Start of Dataset excerpt
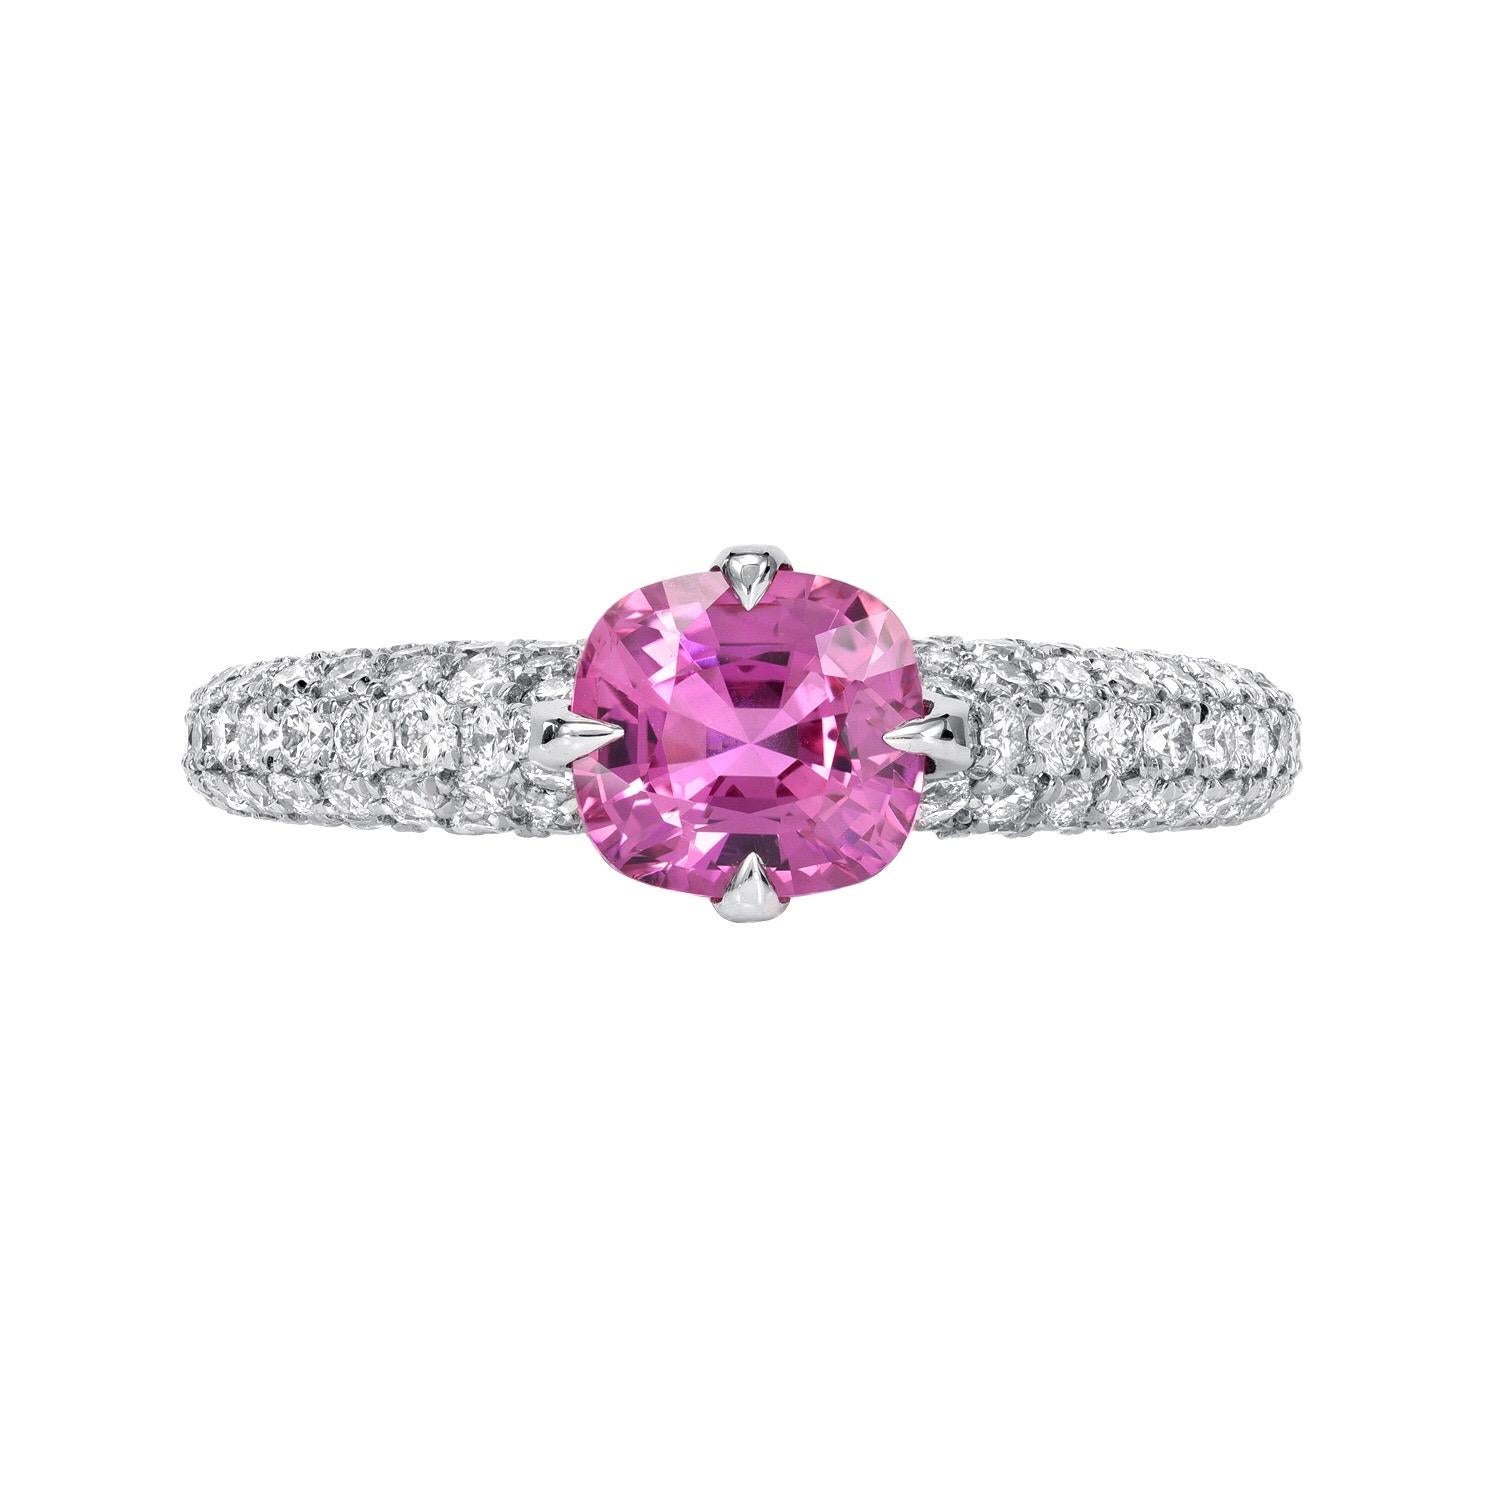 Modern Unheated Burma Pink Sapphire Ring 1.19 Carats No Heat For Sale
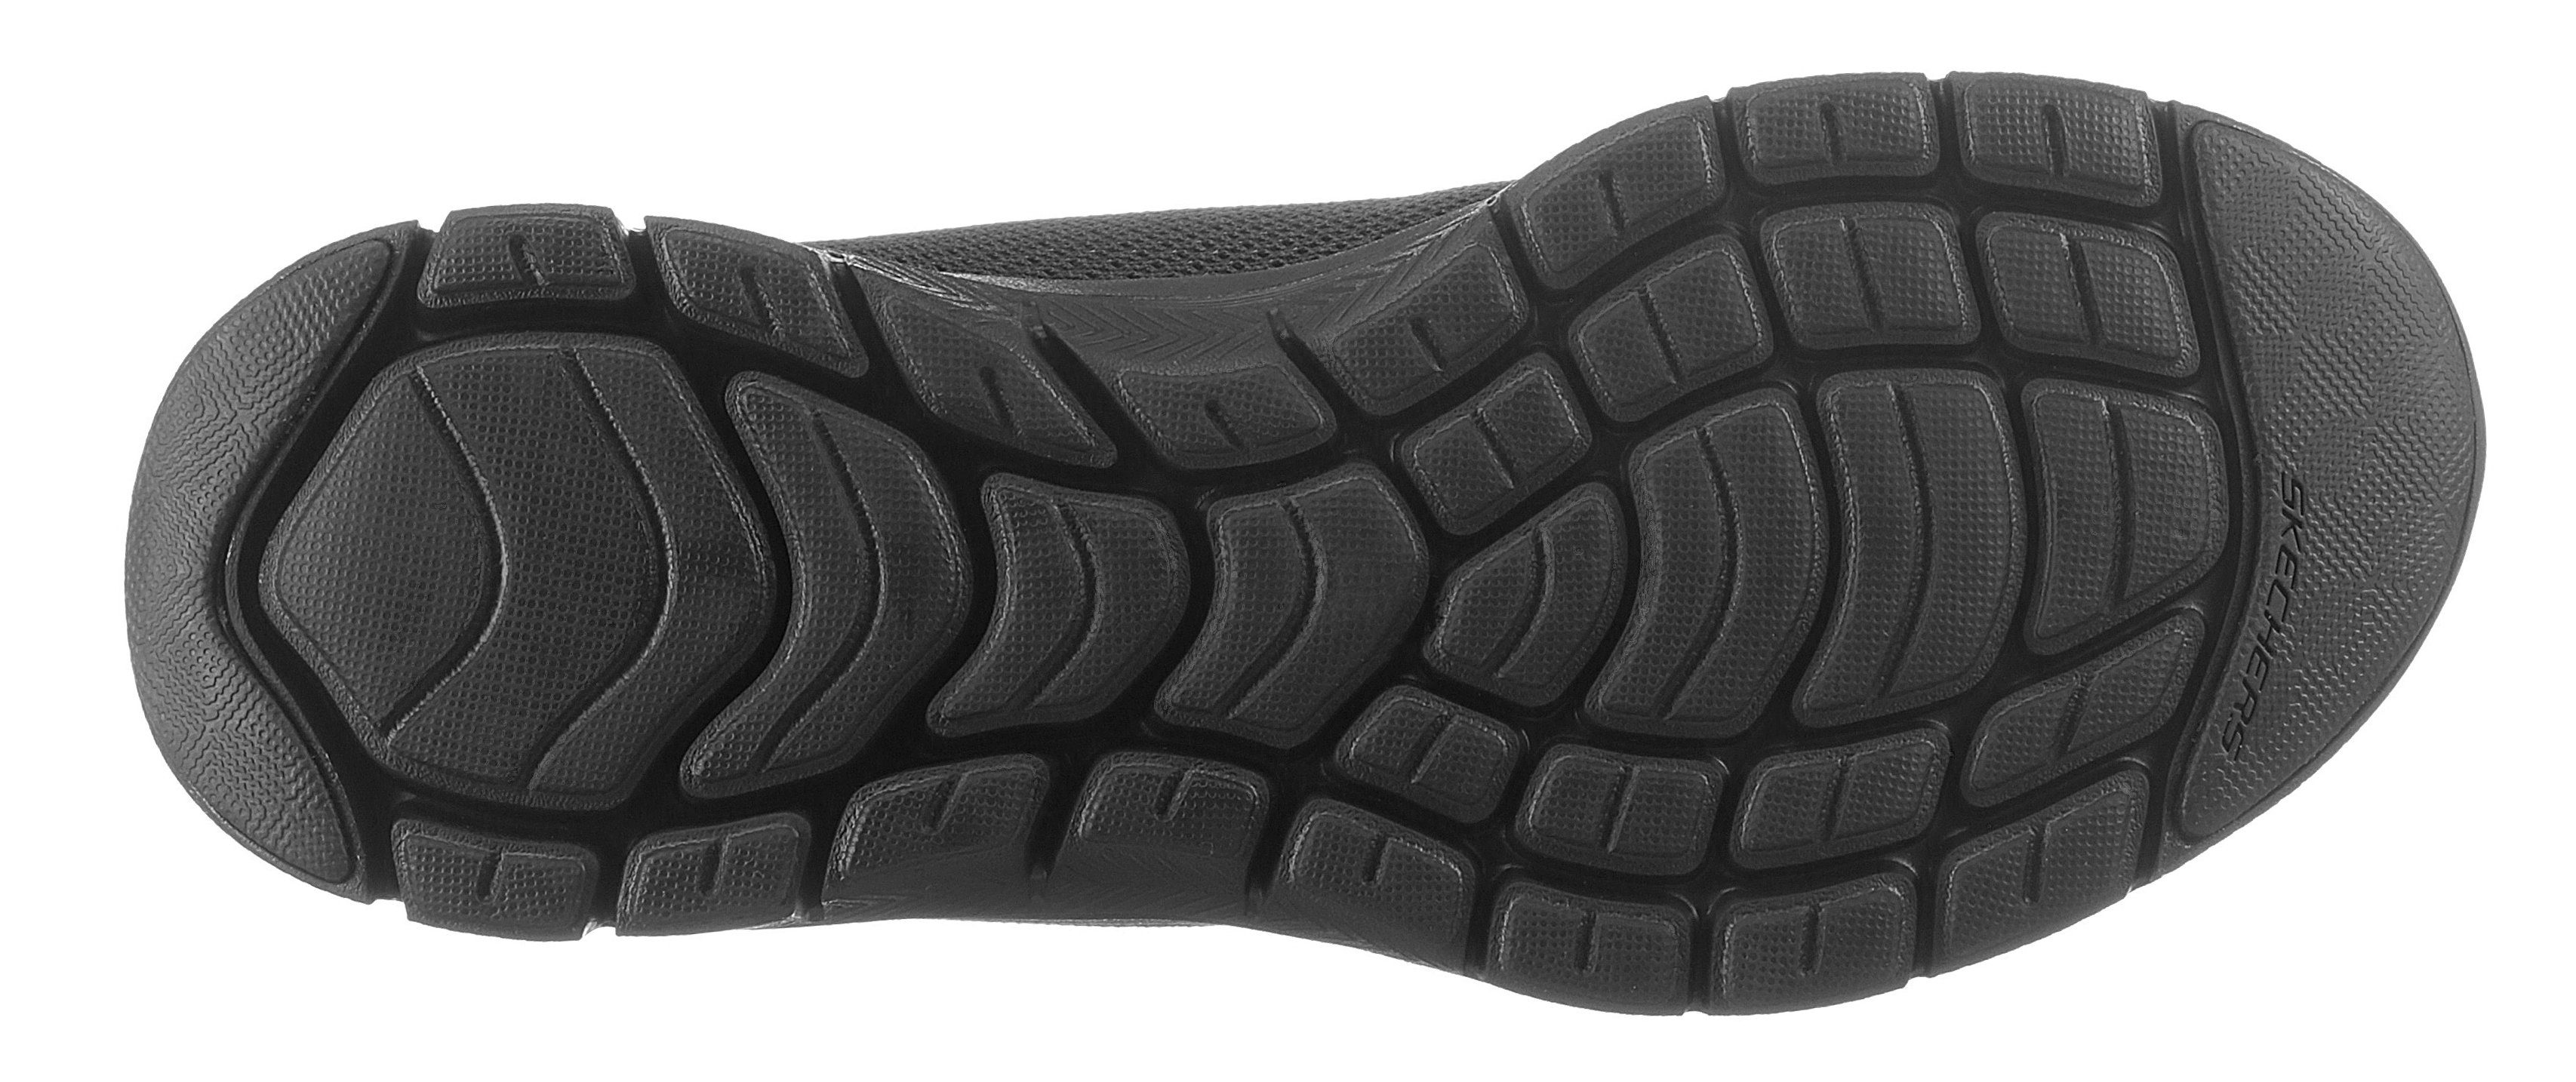 Sneaker schwarz FLEX Foam Memory BRILLINAT mit Ausstattung VIEW Skechers Air-Cooled 4.0 APPEAL
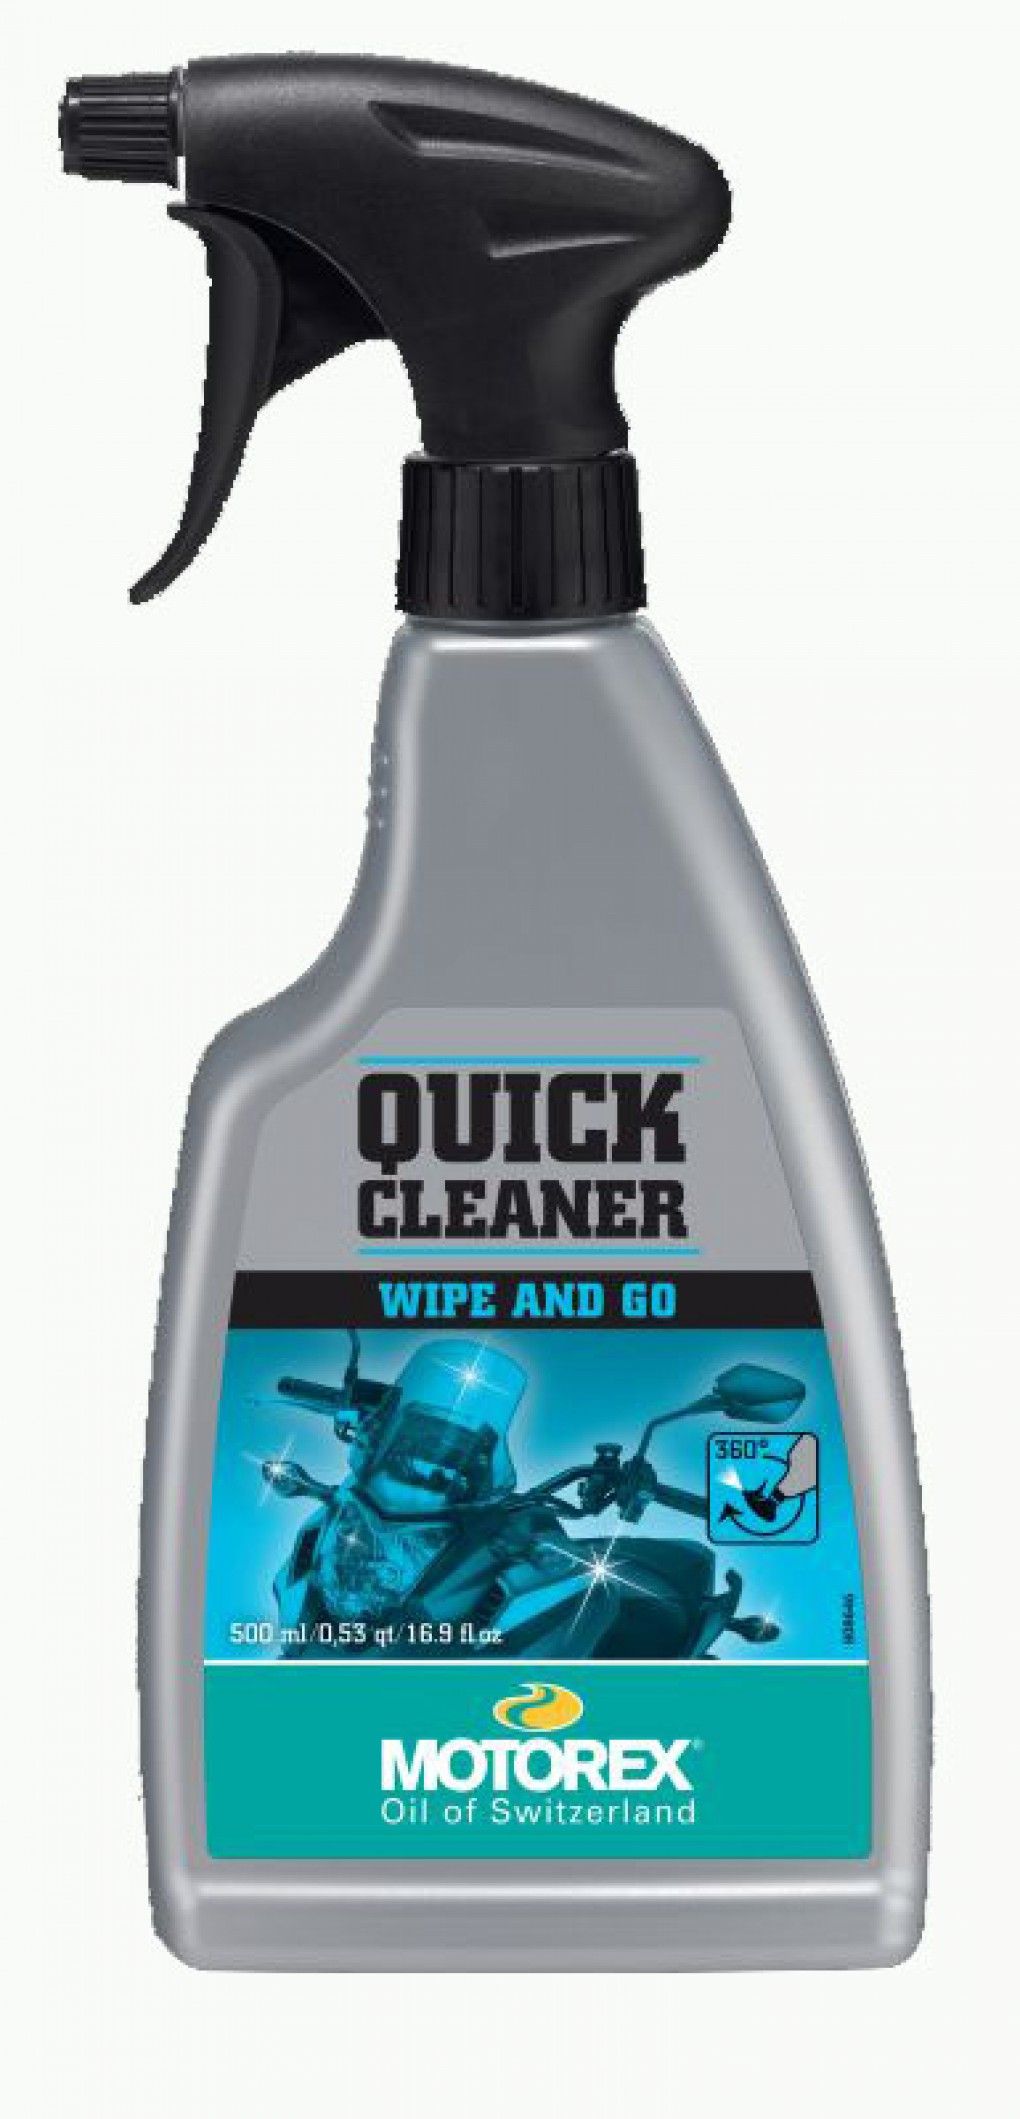 motorex quick cleaner review
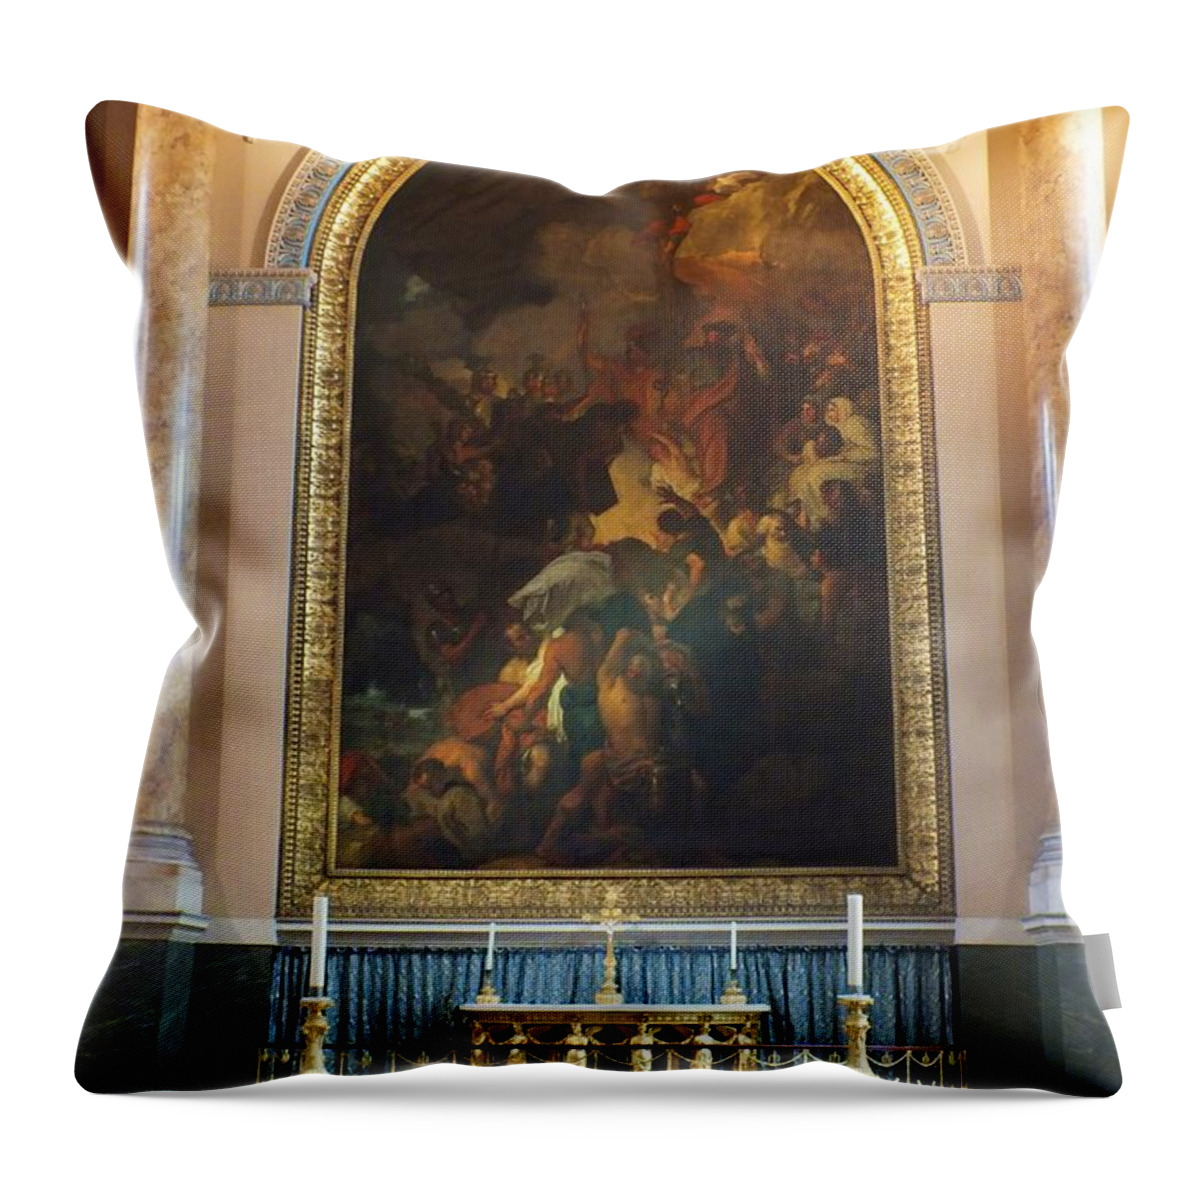 Royal Naval Chapel Throw Pillow featuring the photograph Royal Naval Chapel Interior by Anna Villarreal Garbis
End of Dataset excerpt
To do:
Without the pictures, repeat every line of the material above exactly.

Answer section:
 Modern Unheated Burma Pink Sapphire Ring 1.19 Carats No Heat For Sale
 Sneaker schwarz FLEX Foam Memory BRILLINAT mit Ausstattung VIEW Skechers Air-Cooled 4.0 APPEAL
 motorex quick cleaner review
 Royal Naval Chapel Throw Pillow featuring the photograph Royal Naval Chapel Interior by Anna Villarreal Garbis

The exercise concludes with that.